Third time lucky – Caldicott review

Seeing the wood for the trees - why STPs are important for the NHS

This month saw the publication of Dame Fiona Caldicott’s long-awaited review into data security in the NHS. This is the third time Dame Fiona has been asked to produce some recommendations on the subject and comes in the context of a fervent debate on the subject of health information.

It’s well-timed, much needed and built around a single notion – that of trust. People will trust what happens with their information when they can see what’s happening to it and when they control it. Dame Fiona’s paper is a powerful call for the introduction of a little more democracy in our clinical records.

It is not that data sharing has been tried and found wanting, it’s more that data sharing has been tried and found hard. I think we are all familiar with the backdrop to this publication, which includes a number of well-publicised data breaches and the public unease around the now scrapped Care.Data project.

The Five Year Forward View has set out the case for making the NHS sustainable by integrating care and moving to population-based healthcare systems – both of which require data sharing.

The people trying to deliver effective and safe care, either planning services or encouraging data sharing to co-ordinate our fragmented system, are crying out for a more pragmatic approach to information sharing. There are frightening levels of clinical risk in NHS Systems because of the lack of information sharing in different care settings.  Ambulance drivers don’t know the GP thoughts on the patient’s condition, ED doctors aren’t aware of what the patient’s consultant is treating them with, and the poor patient hasn’t any visibility of what everyone else is saying about them. In a world of 21st century healthcare our communication can feel almost medieval.

Confidentiality key
Dame Fiona reminds us that the very foundation of the social contract of healthcare is confidentiality and we cannot afford to suggest that as a care system we don’t be see this as a basic tenet of how we work.

Thankfully one of her key themes is that the vast majority of people who work in the NHS take confidentiality very seriously. There is much said of training, audit, assurance and penalties which are ways of demonstrating how seriously this is taken. To quote the UK Council of Caldicott Guardians: “Information Governance should be as much as possible integrated into the broader governance of an organisation, and regarded as being as important as financial and clinical governance in organisational culture.”

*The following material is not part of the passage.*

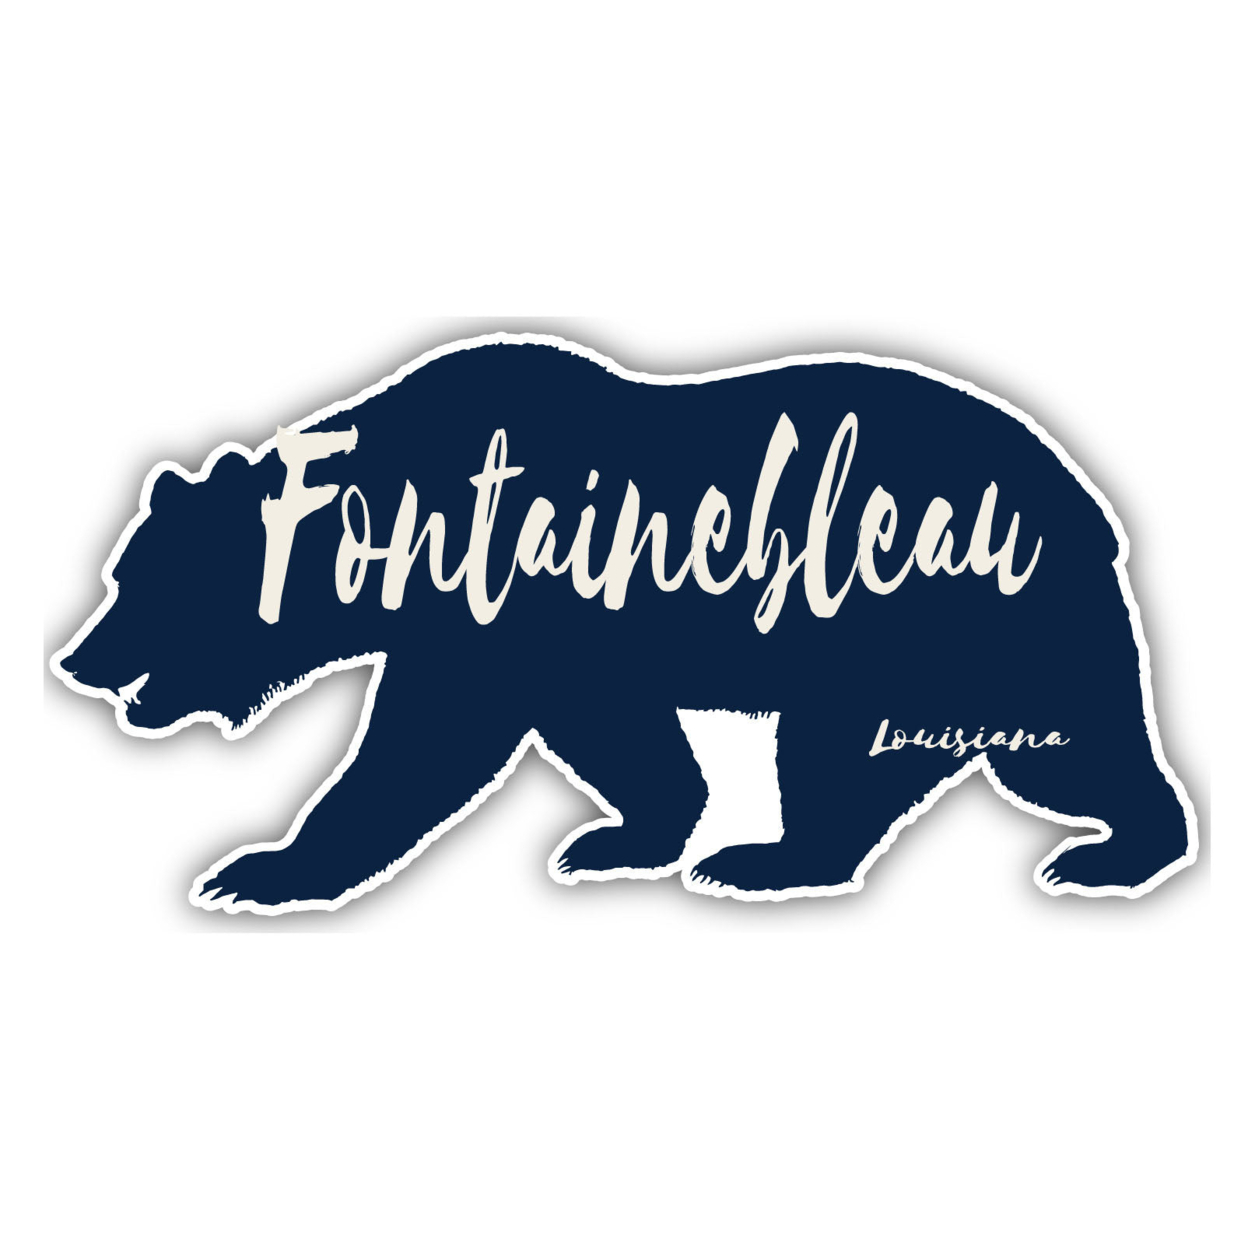 Fontainebleau Louisiana Souvenir Decorative Stickers (Choose Theme And Size) - Single Unit, 6-Inch, Bear

There is a nagging suspicion among the general public that they don’t really know how the information in their clinical record is used. To address this, Dame Fiona talks of raising the public awareness and giving control with an opportunity to object to information being used for purposes other than their direct care.

This emphasis is both sensible and necessary but it is hard to achieve in the world of Big Brother suspicions of central government and financial institutions. There are two distinct purposes of information in addition to direct care – research and health planning. Whether there are separate objections to these two uses or they are bundled together in a single question is yet to be decided. We recently had experience of trying to reduce a complex social issue into a single question in the EU debate and I think we all recognise what was required was a more nuanced a granular assessment of views.

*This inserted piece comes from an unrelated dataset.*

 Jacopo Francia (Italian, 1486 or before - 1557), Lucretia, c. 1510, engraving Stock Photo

Interestingly, the proposed opt outs don’t apply to the flow of personal confidential data out of a GP surgery into NHS Digital. This is a highly contentious point and in many ways what did for Care.Data. The overwhelming majority of GPs take extremely seriously their responsibilities as a data controller of the cradle-to-grave-record that is the primary care clinical record. It will be interesting to see how that pans out – but I suspect it will be one of the more difficult areas of the recommendations.

Dame Fiona also puts to bed some myths – and this must be welcomed. For example, the fact that the majority of health service planning and management such as population health management, regulation or commissioning, can be done using data from which personal identifiers have been removed is well argued. The only exception is where bills have to be checked against particular patients. The work in East and North Hertfordshire CCG, which the report references, has shown that even here, confidential data is not required. The issue of invoice validation will be subject to further consideration by the Department of Health.

Dame Fiona calls for the adoption of modern technology standards around cyber security, training and software updates – “about time too!” I hear you cry. There is a clear acknowledgment that the information systems in a modern health system are as intrinsic as those in the operating theatres or the medication pipeline, and need to be treated with the same level of rigour and assurance.

But to return to the theme of trust, which may hold the key to effective information sharing – in the last year I have heard too often about the barrier that is IG and how the publication of Dame Fiona’s report is going to solve this. How much is this an excuse not to share? The report is here. I don’t think government departments are in a position to build trust in the current climate. That means it is up to those involved in commissioning, planning and delivering care. This is going to have to be done from the bottom up. Are you ready?